Ah, the trust and self-assurance that lead to happiness
They’re the very things we kill, I guess
Oh, pride and competition
Cannot fill these empty arms
And the work I put between us, you know it doesn’t keep me warm
Read more: Don Henley – Heart Of The Matter Lyrics | MetroLyrics
I know, right Cory. You’re reading the wrong part of the bible. The first half is the history of why we needed someone like Jesus who could “turn the other cheek” to all the hate and selfishness that the Hebrew culture was passing off as righteousness. :) You say it just to act scientific but deep down you forgive the people you love just like all of us do.
So what would forgiveness mean in the Native American context?
1. Is it moral to forgive and immoral not to forgive?
2. Is forgiving the white man just an emotional decision not to be angry?
3. Does saying “I forgive the white imperialists for their crimes and their descendants for continuing to derive privilege from those crimes” erase those crimes and white privilege?
4. If a Lakota activist “forgives” us, how does that affect the activist’s pursuit of justice?
We forgive because resentment is self torture.
and then there is the other eagle’s song, not that there is anything wrong with it, that says “get over it”-which seems to be the state of South Dakota’s primary attitude.
seems like there aren’t a lot of other Rumi poems and biblical precepts that keep that sentiment from the dustbin of the decades.
Porter, are you saying the answer to my #2 is “Yes”?
If so, is forgiveness just self-help? How does it affect the forgiven? How does forgiveness applied at the social level advance the cause of Native justice?
” In the time and words it takes to say,honey I’m home.
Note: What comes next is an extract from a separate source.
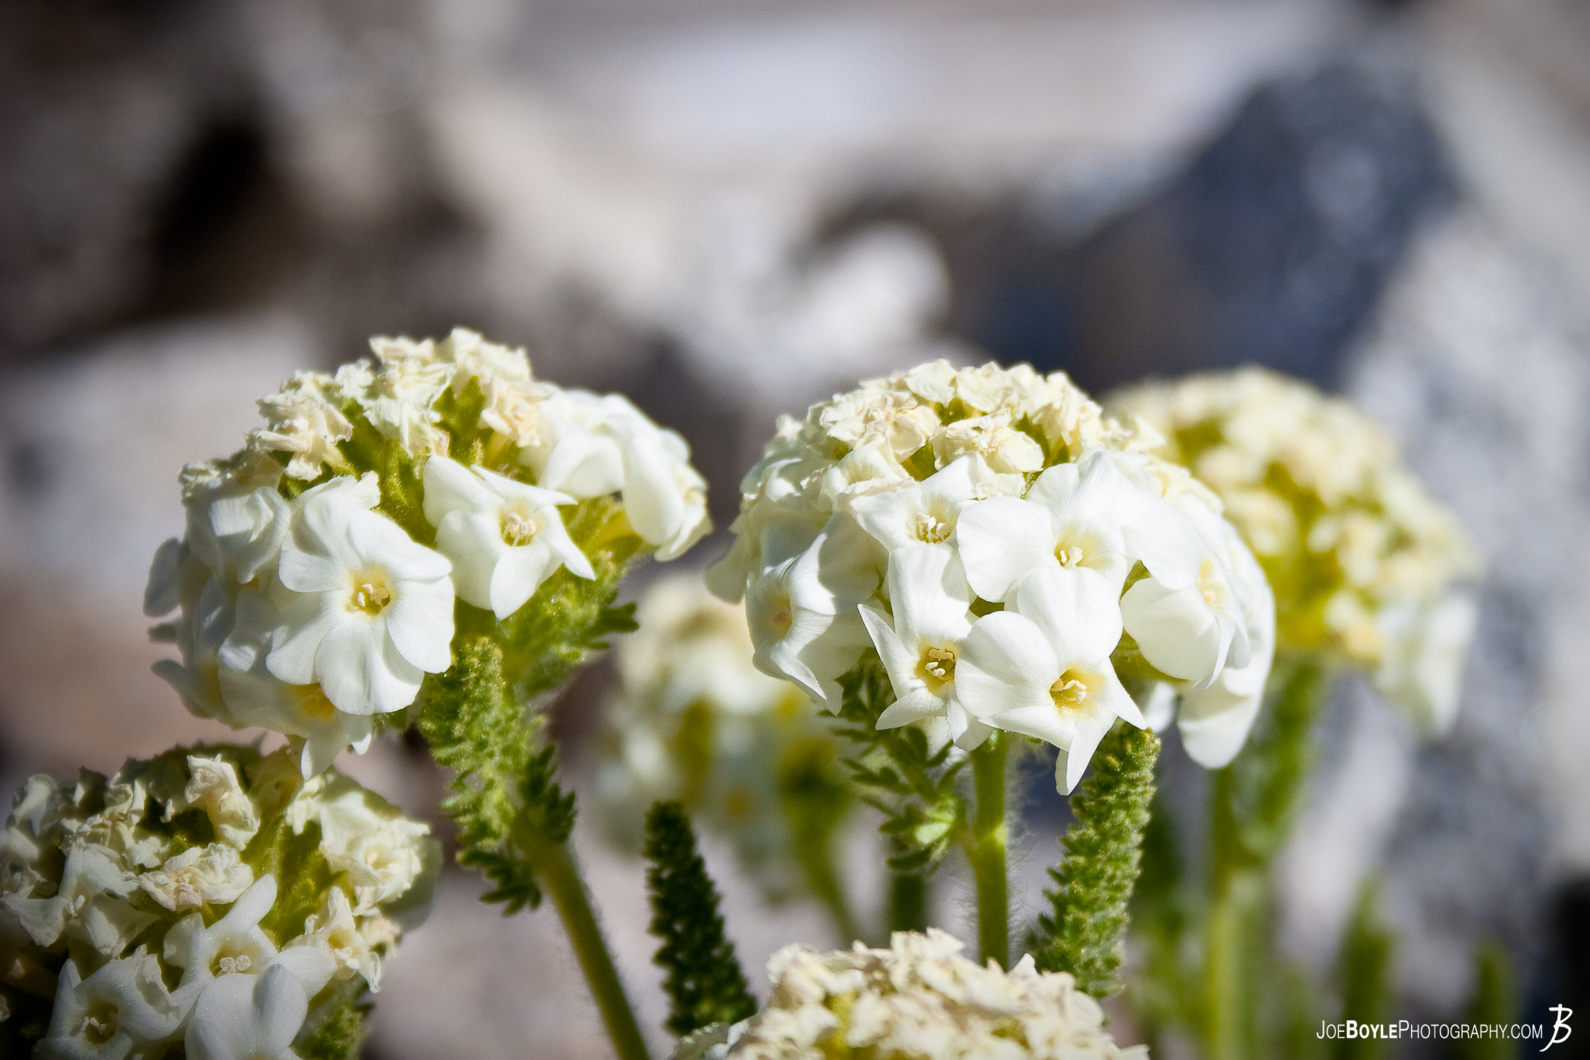  As I was hiking the JMT these white flowers would appear along the trail every now and then.

How was your day? You dropped a bomb right where we live and just expect me to forgive.”
Rebecca Lynn Howard-Forgive
In April in a public meeting, one white guy and his wife sat for an hour, 80 years old, rail-thin cowboy, listening to passionate individuals standing, telling how much it meant to them to change the name of Harney Peak. He stood, said, “talk about being in the lion’s den”, then proceeded in ancient “custer-speak” to tell the hundred or more there, and castigate the SDBGN for their unmitigated “PC”gall of even entertaining the proposition under the State tax-payer’s dime, to “just get over it, its been 150 years”.
It was personally clear to him in his life-time that he had never seen an Indian praying on Harney Peak in all his hikes up there. He left and people continued to cry and passionately, mostly politely, to campaign for the change for the full 2 1/2 hour meeting.
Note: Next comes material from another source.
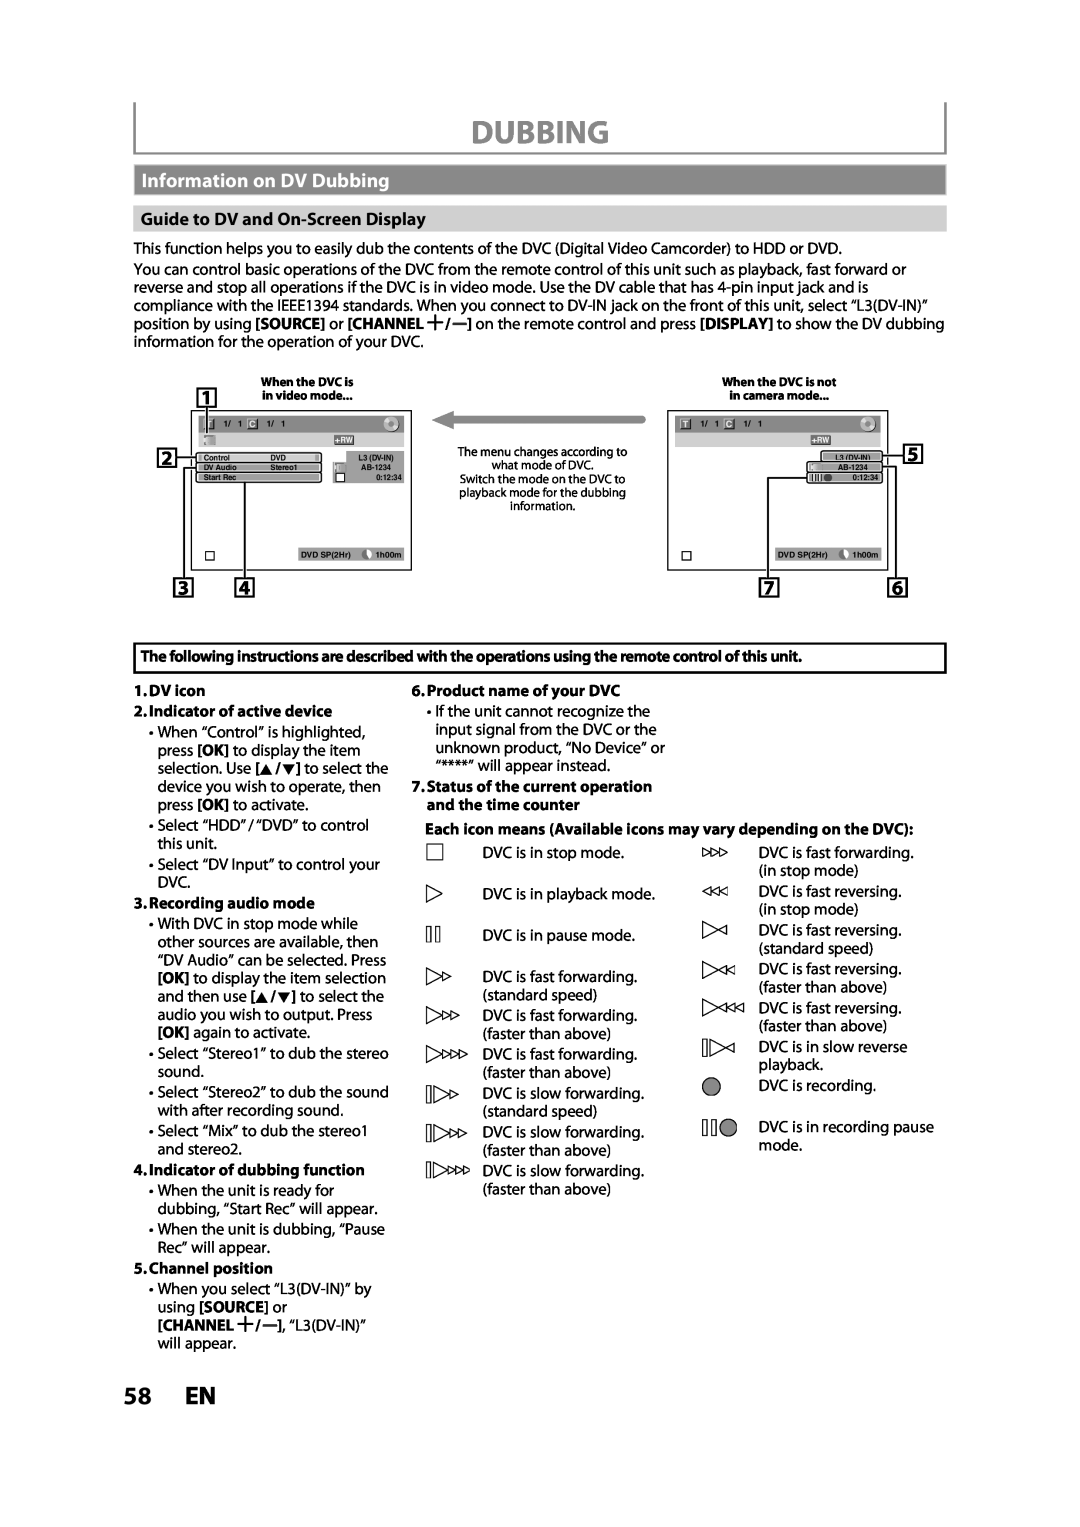 Magnavox MDR533H 58 EN, Information on DV Dubbing, Guide to DV and On-Screen Display, DV icon, Indicator of active device

mean while, 158 families, one and one half of a percent of a percent of a percent, contributed 1/2 of the money raised for the 2016 campaign.
fovergivness of them by the rest of us seems a bit misplaced.
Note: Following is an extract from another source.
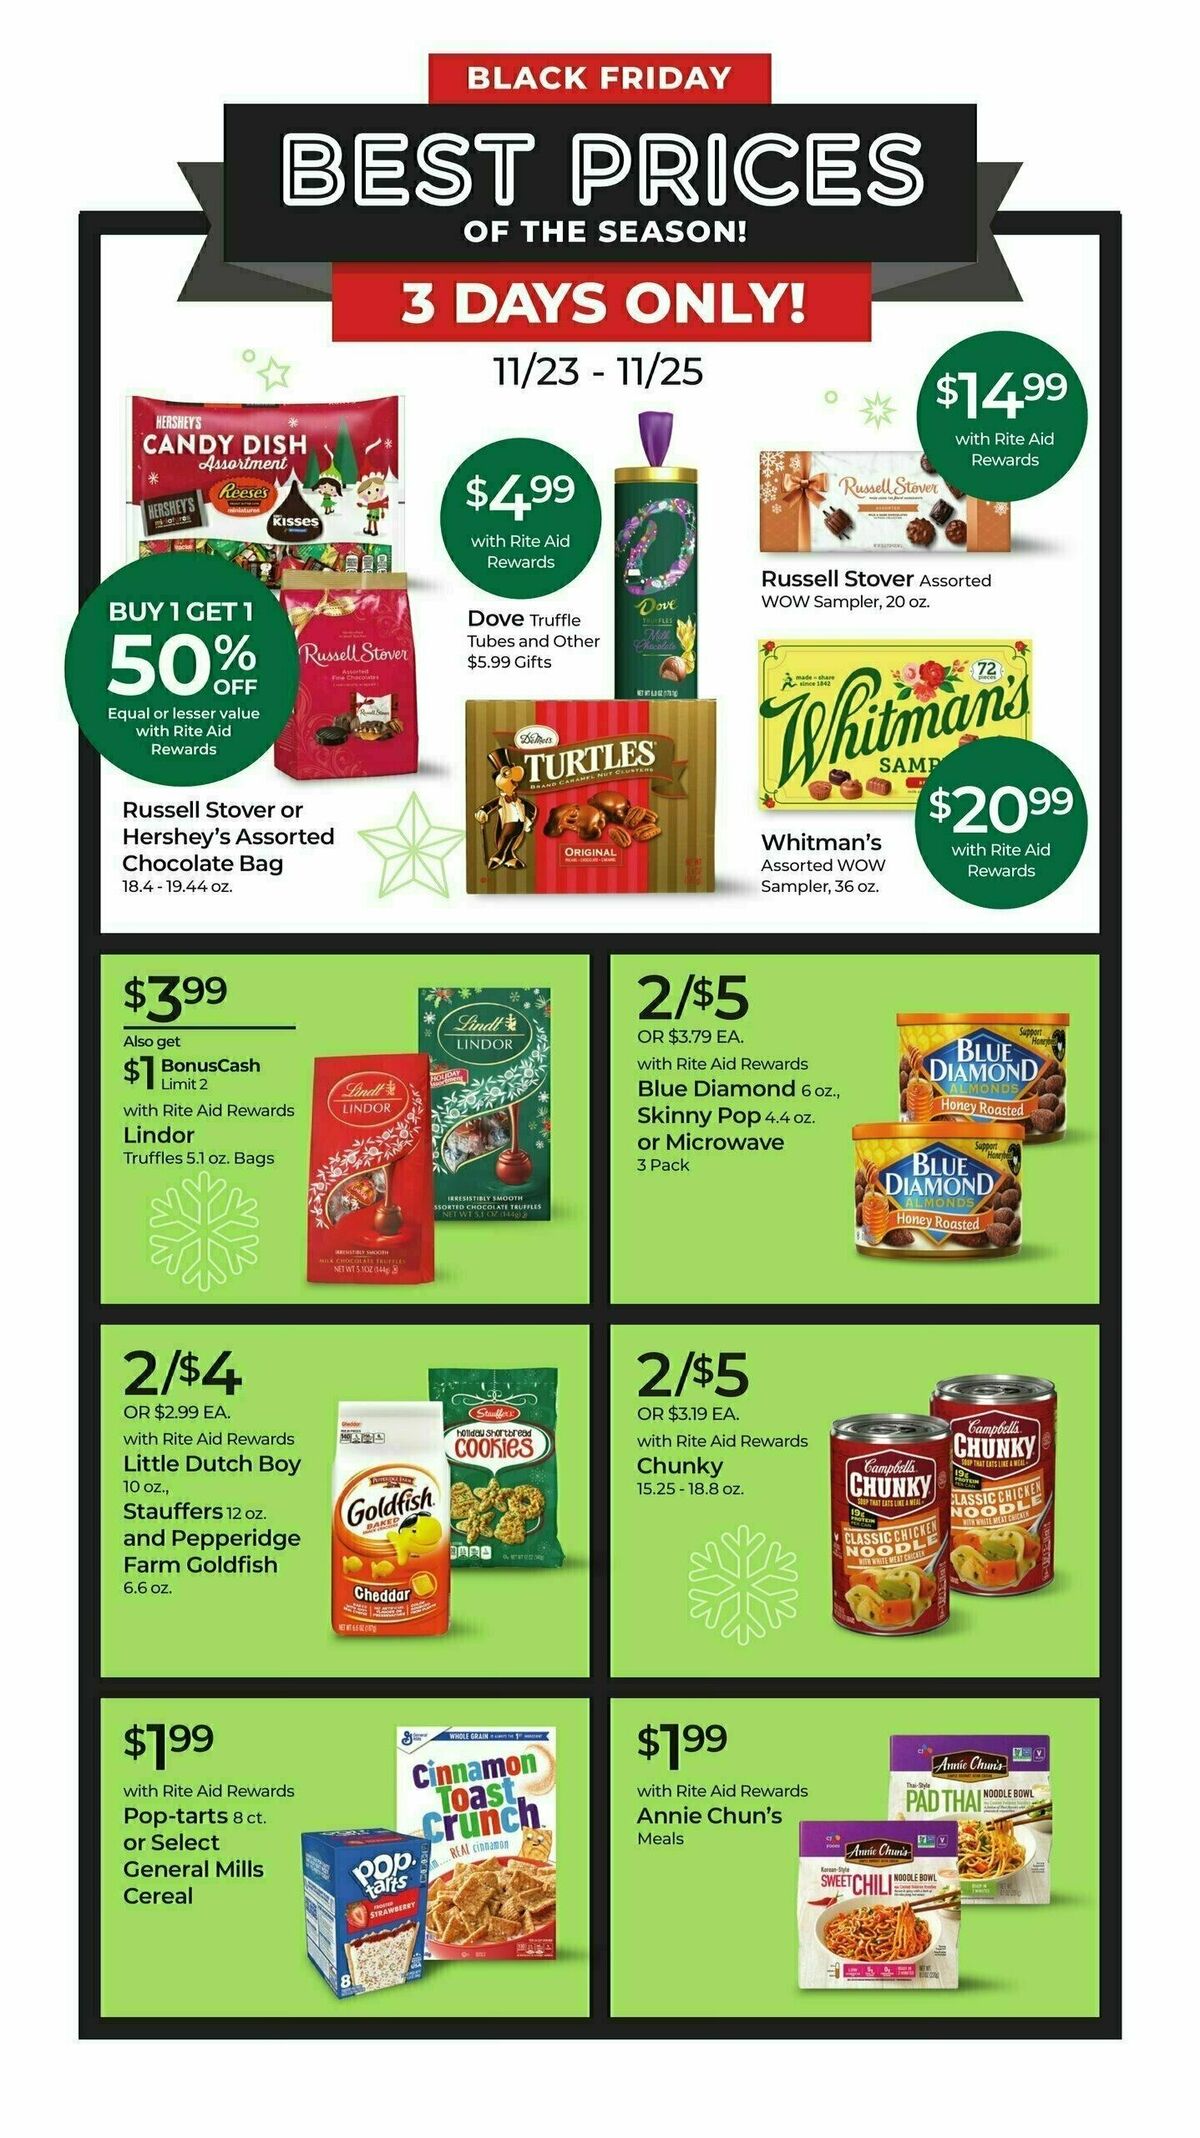 Rite Aid Weekly Ad from November 23

http://dianeravitch.net/2015/10/12/new-york-times-158-families-contributed-half-the-money-raised-for-2016-campaign/
The answer to #2 is yes. I don’t know all it is, but primarily forgiveness is self-help. How can you know what the forgiven feel? And actually, why would you care. Justice is a legal principal devoid of feelings. That’s why she wears a blindfold.
Leslie, I suspect that old man’s speech is the sort of demand for “forgiveness” to which Alexie is responding. I also get the feeling that “getting over it” isn’t equivalent to the full Christian concept.
But if “get over it” is all the imperialists and racists really want, then of course, we must say, “Nuts to that!” We should never get over injustice.